In my travels, I once went to a seafood restaurant outside of Chicago called Bob Chinn's Crab House. It was a large seafood restaurant. As you walk in, on the wall, they had a bulletin board. On this board, they posted copies of all the bills of lading for the seafood they had received that day. They had salmon and king crab from Alaska, scallops, lobster and cod from New Bedford, stone crab and grouper from Florida and other seafood from all over the world. They were proud of their seafood and wanted you to know it was fresh.


It would be nice if restaurants did something like this. Instead of bills of lading, they would put up copies of invoices of all the food items they have purchased that week. The invoice would list the supplier, the item, the quantity and the price. That way we would have a clear picture of exactly what we were eating. Of course the requisite word is all, as in all their food invoices, not just the ones they want you to see.

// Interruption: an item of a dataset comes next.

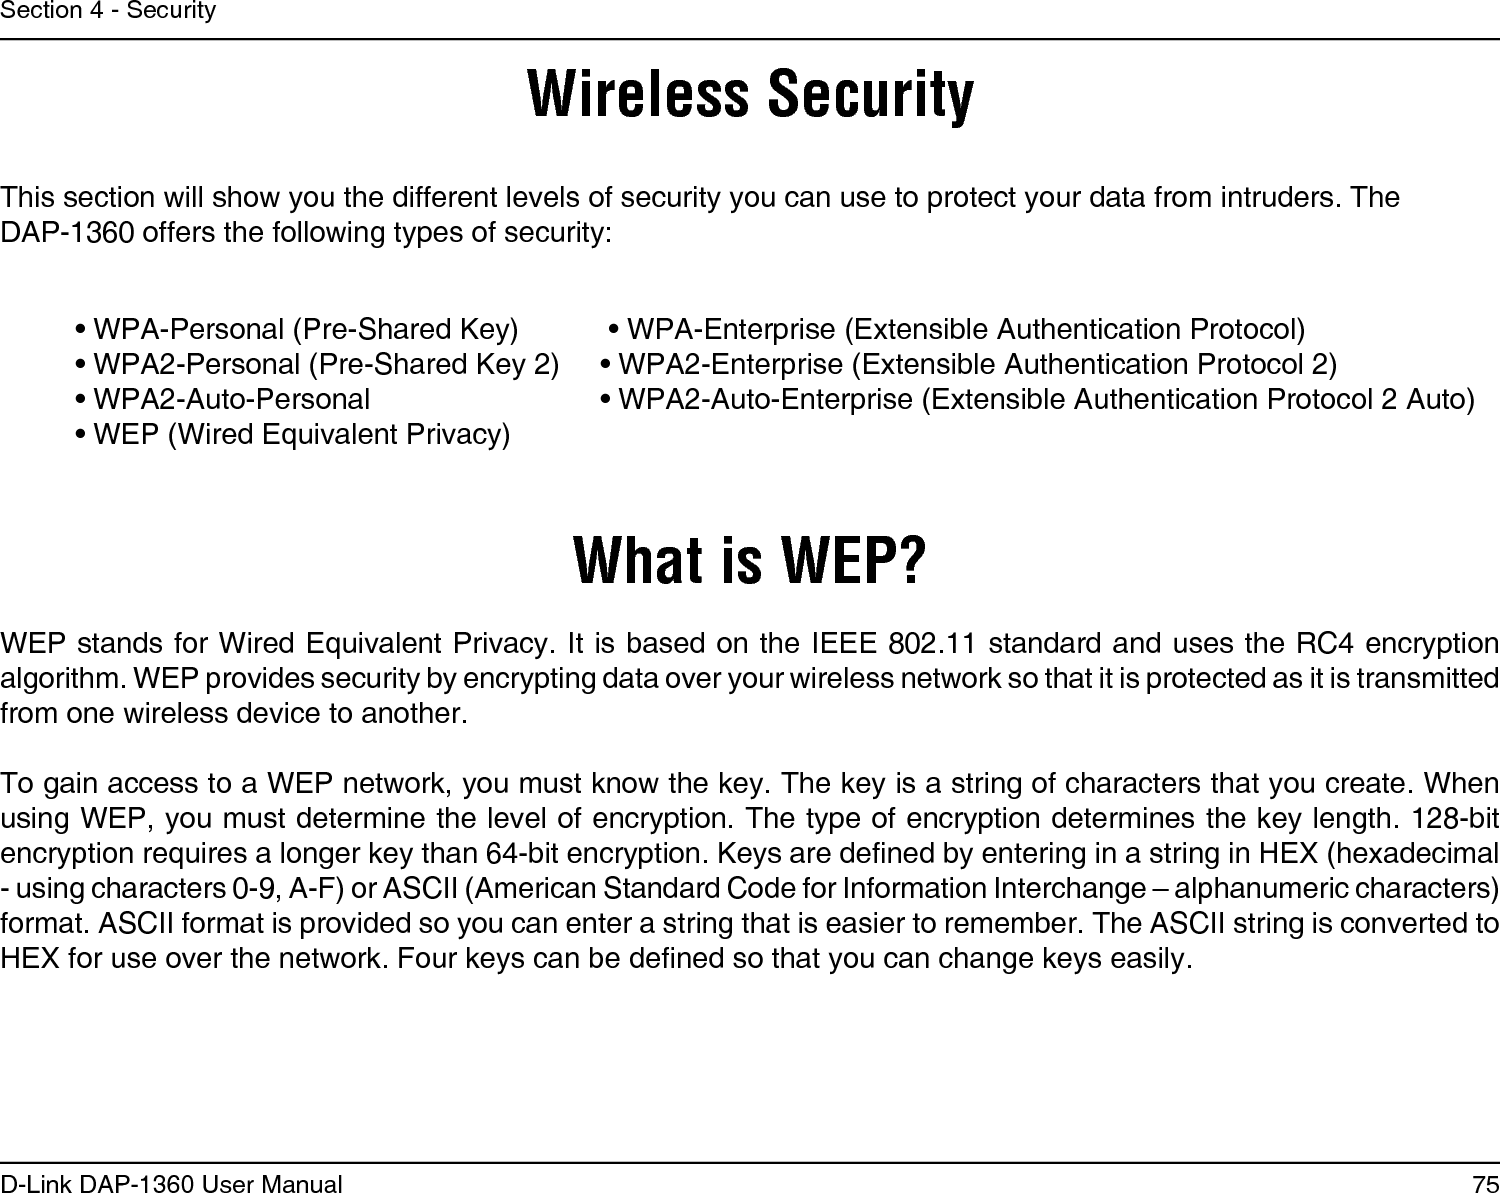 75D-Link DAP-1360 User ManualSection 4 - SecurityWireless SecurityThis section will show you the different levels of security you can use to protect your data from intruders. The DAP-1360 offers the following types of security:  • WPA-Personal (Pre-Shared Key)           • WPA-Enterprise (Extensible Authentication Protocol)  • WPA2-Personal (Pre-Shared Key 2)  • WPA2-Enterprise (Extensible Authentication Protocol 2)  • WPA2-Auto-Personal       • WPA2-Auto-Enterprise (Extensible Authentication Protocol 2 Auto)  • WEP (Wired Equivalent Privacy)What is WEP?WEP stands for Wired Equivalent Privacy. It is based on the IEEE 802.11 standard and uses the RC4 encryption algorithm. WEP provides security by encrypting data over your wireless network so that it is protected as it is transmitted from one wireless device to another.To gain access to a WEP network, you must know the key. The key is a string of characters that you create. When using WEP, you must determine the level of encryption. The type of encryption determines the key length. 128-bit encryption requires a longer key than 64-bit encryption. Keys are dened by entering in a string in HEX (hexadecimal - using characters 0-9, A-F) or ASCII (American Standard Code for Information Interchange – alphanumeric characters) format. ASCII format is provided so you can enter a string that is easier to remember. The ASCII string is converted to HEX for use over the network. Four keys can be dened so that you can change keys easily.

Next to this board maybe they would also have a copy of their current profit and loss statement. That way you could see the cost they pay to serve you quality ingredients. Unless they are charging you $100 or $200 a head for dinner, you will see after all their expenses and overhead, they work on a small profit to serve you food fit to eat. You know what I’m talking about, food that won’t eventually kill you.

In addition to this, it would be nice to see the giant food companies, like McDonalds, Adecoagro and Agria Corporation, grow a conscience and start promoting food produced without chemicals and offer heirloom varieties of vegetables and fruits that taste good and are good for you. Will any of this ever happen? No. Why? Economies of scale and greed. But…”Isn’t it pretty to think so?”

What we need to do is start building relationships. Find a small restaurant and get to know them. Start asking questions. Let them get to know you. Start building trust. Let them serve you food that taste like it should and food that is actually good for you. Support that restaurant in good times and bad. You know, build a marriage. Trust is good. It’s not perfect but it’s all we’ve got.